So let’s try to answer the first question and check the distribution of each personality in the dataset.
It seems that there are many more introverts than extraverts in the world… Hmm after second thought that distribution doesn’t seems right. Let’s check statistics from the authors of the test.
That’s interesting! The most popular traits on the above table seem to be ISTJ and ISFJ with scores 11,6% and 13.8%. These results are completely different from those obtained by me when counting the distribution in the Kaggle dataset, where those two types are represented by around 2–2,5% people.
We see that the discrepancies apply to virtually all types. It looks like people with types INFP, INFJ, INTP and INTJ are most likely to post on a personality types forum.

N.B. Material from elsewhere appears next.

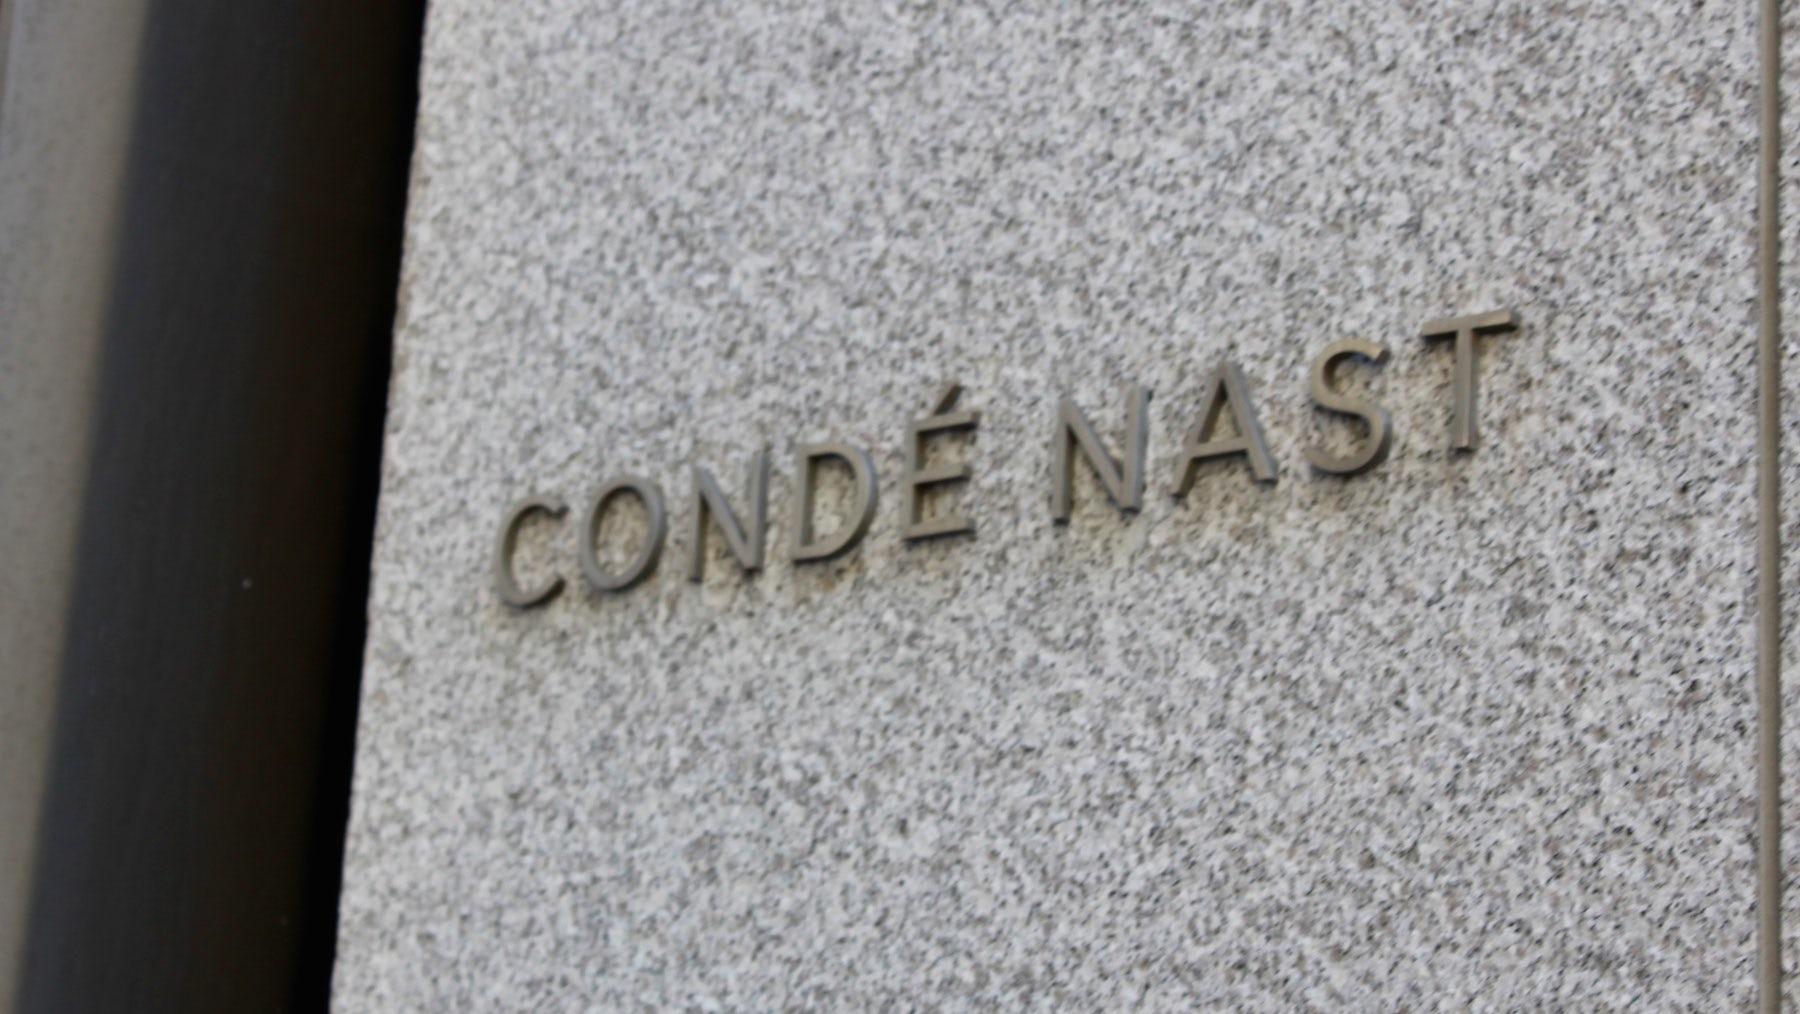 The Condé Nast headquarters at One World Trade Center, New York | Source: Flickr/ShinyaSuzuki
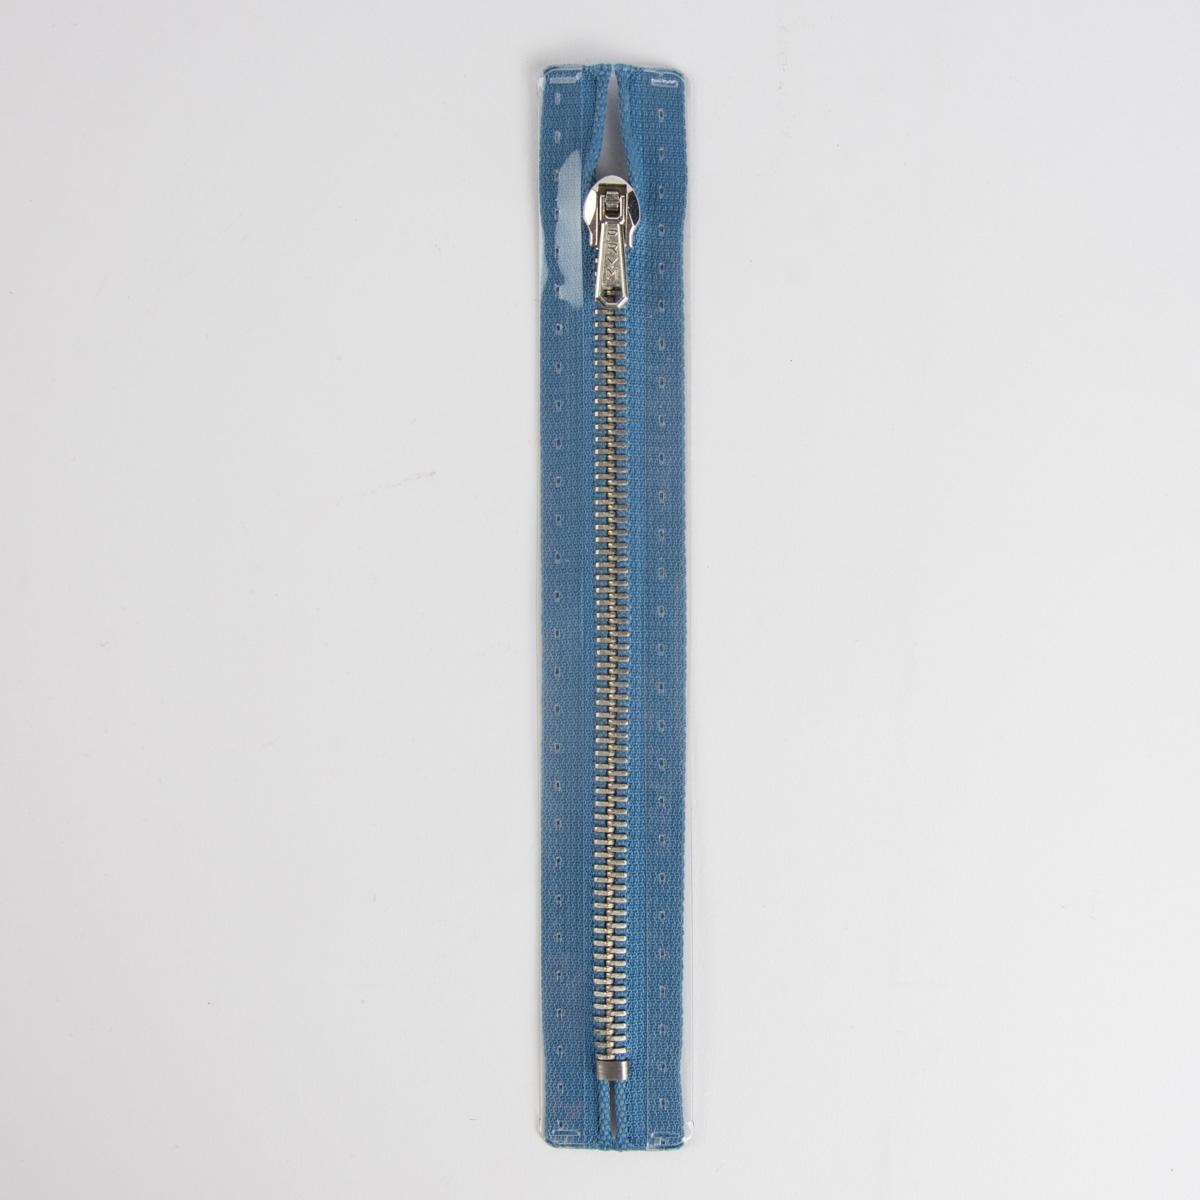 Reißverschluss M2 Typ 10 ut 20 cm si-fb Fla azurblau

Moreover when we recreate the table on the left in the provided image we can see that it is completely different as well. People with letters I, F and P in their type acronyms will be overrepresented. And in our future analysis we must remember that this data is imbalanced.
The conclusion that automatically comes is that introverts are more focused on analyzing their personality rather than more sociable extroverts. For this reason, we can expect that they will be more likely to do personality tests and speak about themselves in forums guaranteeing such anonymity. It is not strange that more emotional people (letter F) will write about themselves more often. Especially when it concerns a connection with introversion, which often makes it difficult for others to express themselves.
As we have seen before data is a little bit messy. It contains a lot of mixed case letters, punctuation marks, links and so on. Before we start any analysis we should clean it up. What I did was relatively simple and consisted of:
- Removing links.
- Removing all digits and punctuations.
- Lowercase all letters.
- Removing stop words.
- *At first I used lemmatizing, but it resulted in a significant reduction in accuracy, so in further analysis I abandoned it.
- Replacing every word with numerical representation
All of these points are quite classical NLP pipeline. I will not discuss it in detail, because this post could grow to horrendous sizes and bore less technical readers. If you want to know more, on Medium you will find lots of fantastic articles describing natural language processing pipelines.
Data prepared this way was ready to fit in into a machine learning classifier. I’ve decided to use the Support Vector Classifier with a linear kernel because in addition to high efficiency when classifying text data it enabled me to obtain features important (it’s impossible to achieve with different kernels).
During training I chose four different classifiers that were supposed to decide which of the attributes could be assigned to the author, that means (I)ntroverts or (E)xtraverts, (J)udgers or (F)eelers and so on.
After the first training, the results were satisfying… Suspiciously satisfying. But full of complacency I decided to go on and try to answer which of the words are most significant for each trait. And there are results.
Sigh… I forgot to remove type indicators in posts! We can see that for our classifier most valuable in deciding if the author is introvert (highest bars in the blue part of the plot) were words with personality type itself. And on the other side, most valuable words used by extraverts (highest but negative bars in red part) are this one with ‘e’ in four-letter code. That’s not fair! Let’s go back to our feature engineering process and remove these sneaky words.